Keep your cash in the country: New law means Russia’s most important officials will be banned from having foreign bank accounts
The bill, which passed through parliament on Tuesday, will bring the law in line with the new constitutional reforms. In July, Russian voters approved a wide-ranging package of amendments to the constitution, including a restriction on high-level officials having foreign citizenship or residency.

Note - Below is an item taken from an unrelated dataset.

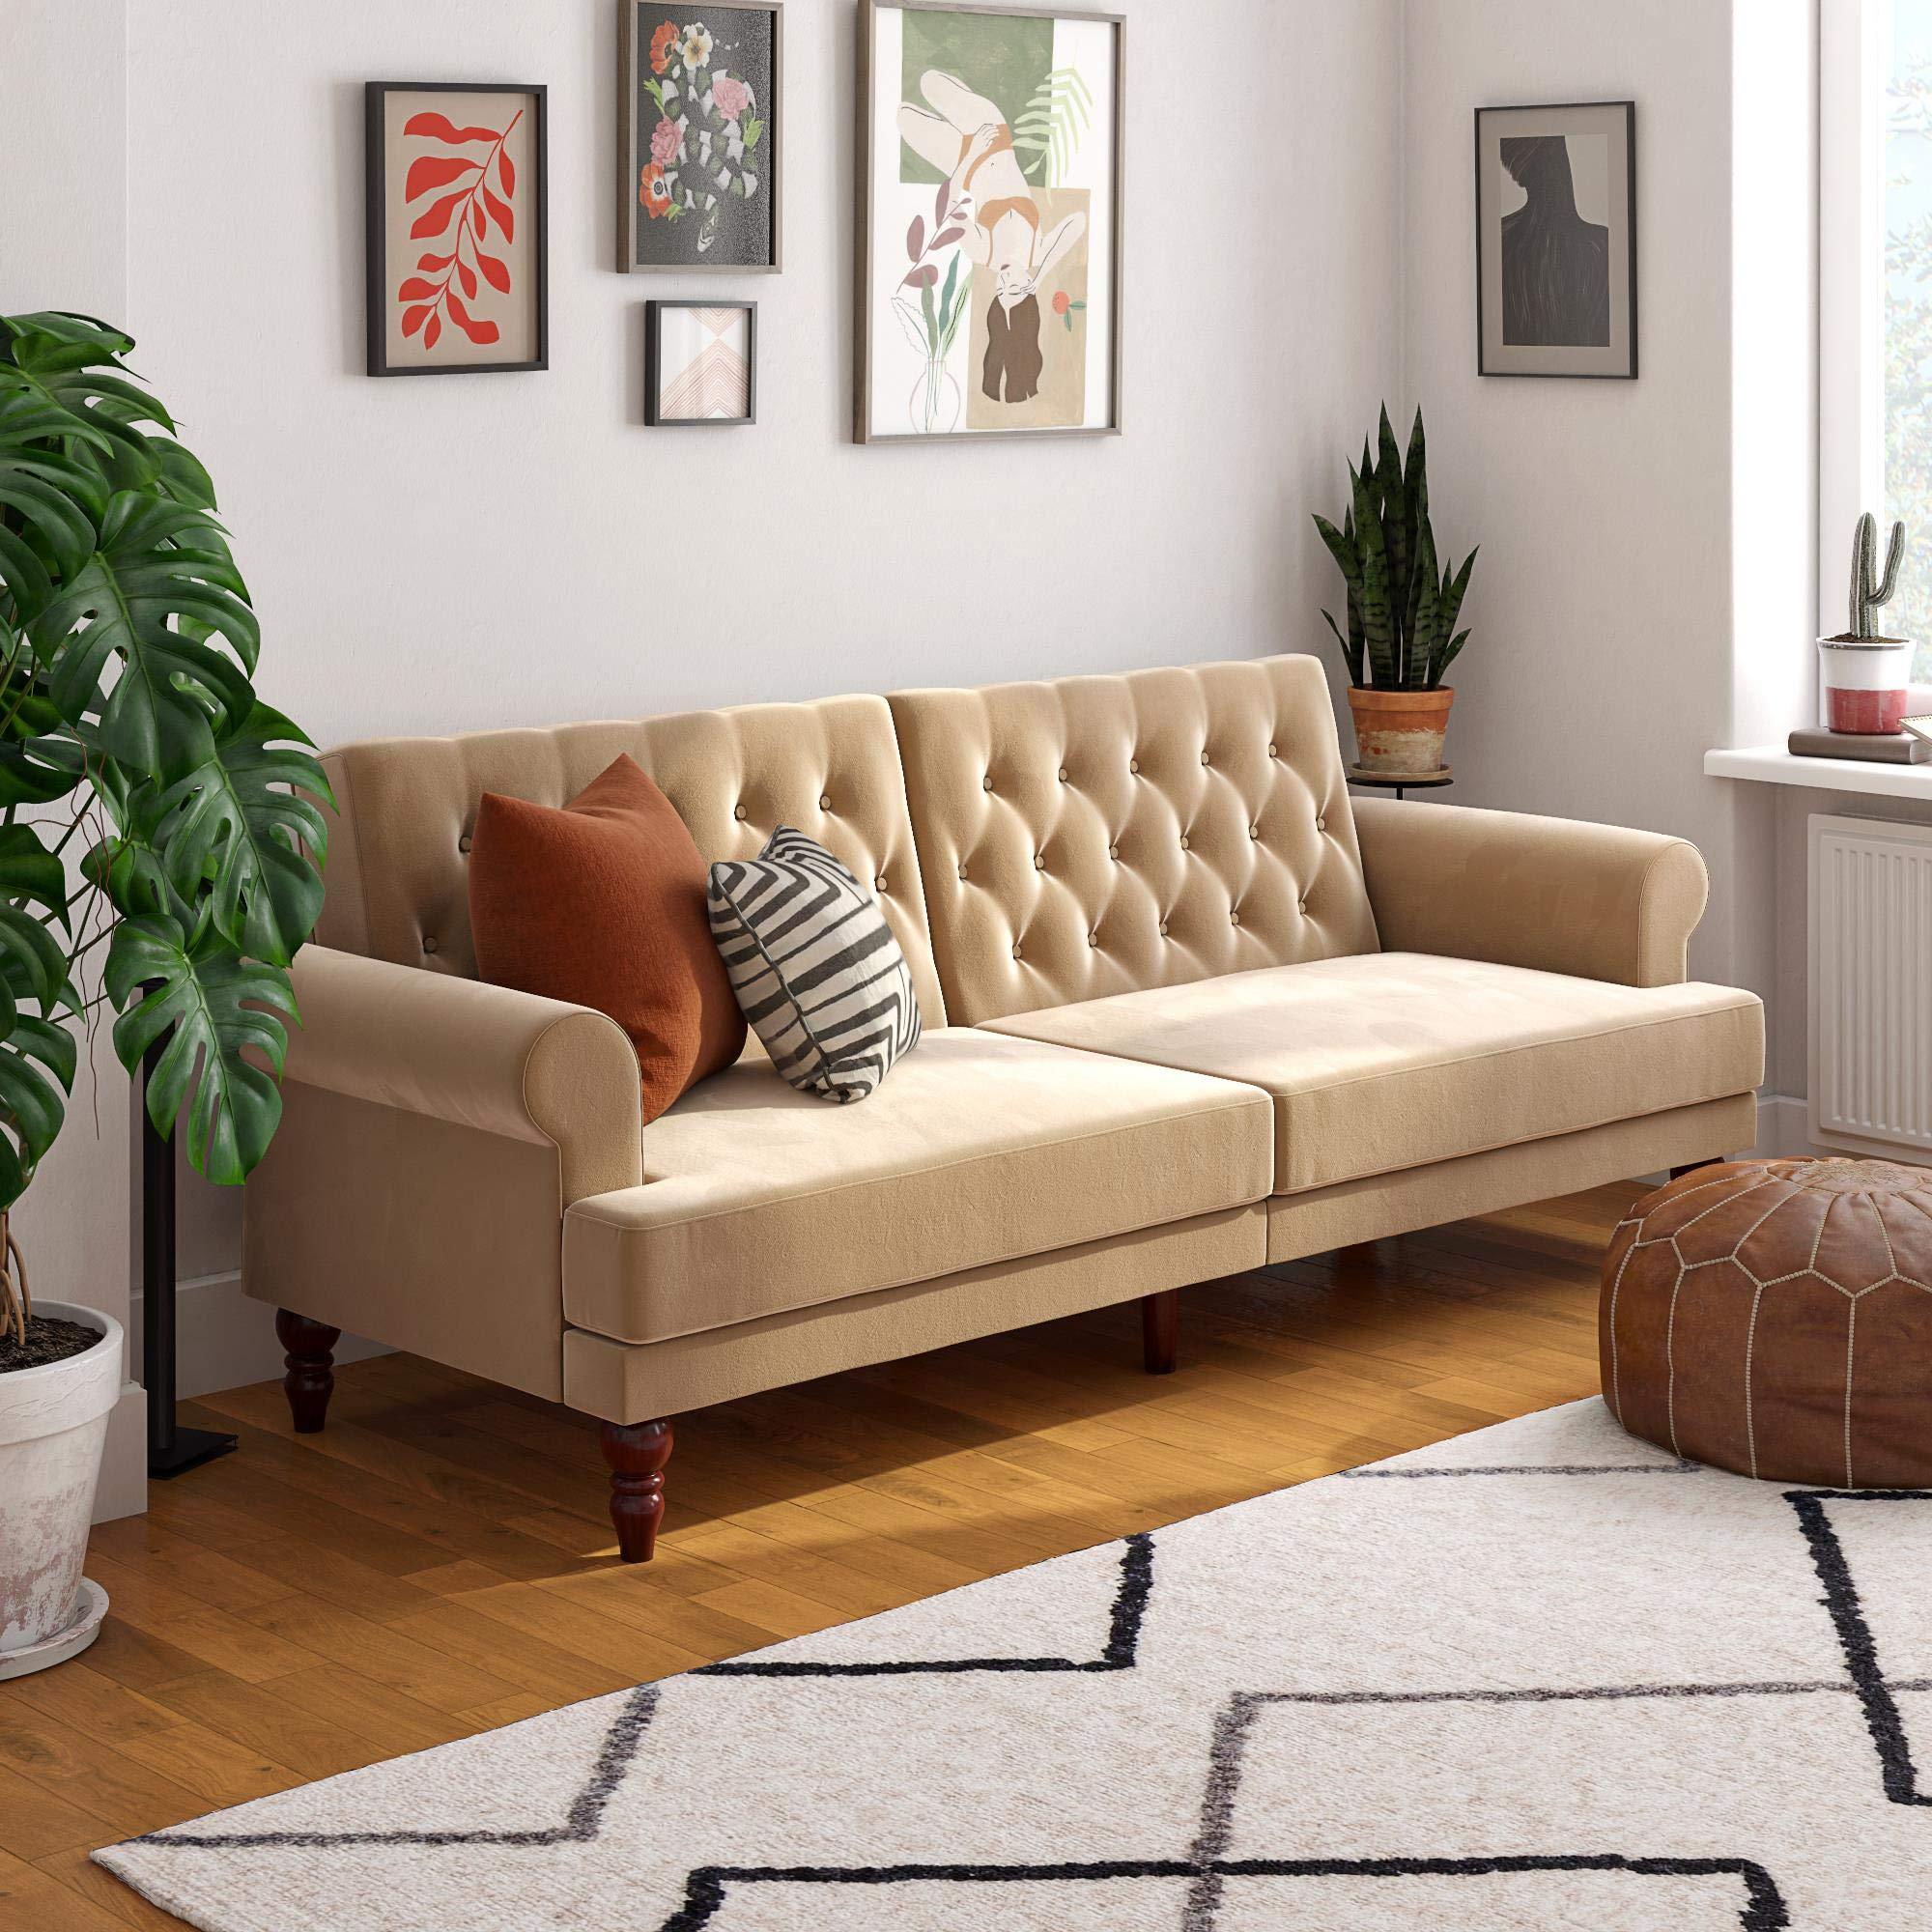 Novogratz Upholstered Cassidy, Convertible Couch, Ivory Velvet Futon by Novogratz

Once signed by Russian President Vladimir Putin, members of the Security Council will be prohibited from storing cash and valuables outside the country’s borders. The Security Council is chaired by the president and comprises 12 other permanent officials, plus many more non-permanent members. Included in the permanent representation are the prime minister and the ministers for defense, foreign affairs, and internal affairs, as well the director of the Federal Security Service.Also on rt.com Russian parliamentary bill opens up possibility of fines or imprisonment for calling on Moscow to give away territory
The new bill also establishes rules for the country's Commissioner for Human Rights, who must now permanently reside in Russia and not have foreign accounts. According to the speaker of the Russian parliament, Vyacheslav Volodin, it is “extremely important” that the human rights ombudsman be “independent.”
Throughout Putin's presidency, he has focused on restricting the country's most powerful from moving their assets abroad, adter the chaos of the 1990s. In 2016, parliament passed a law banning its members and other government officials from owning “foreign financial instruments,” such as securities.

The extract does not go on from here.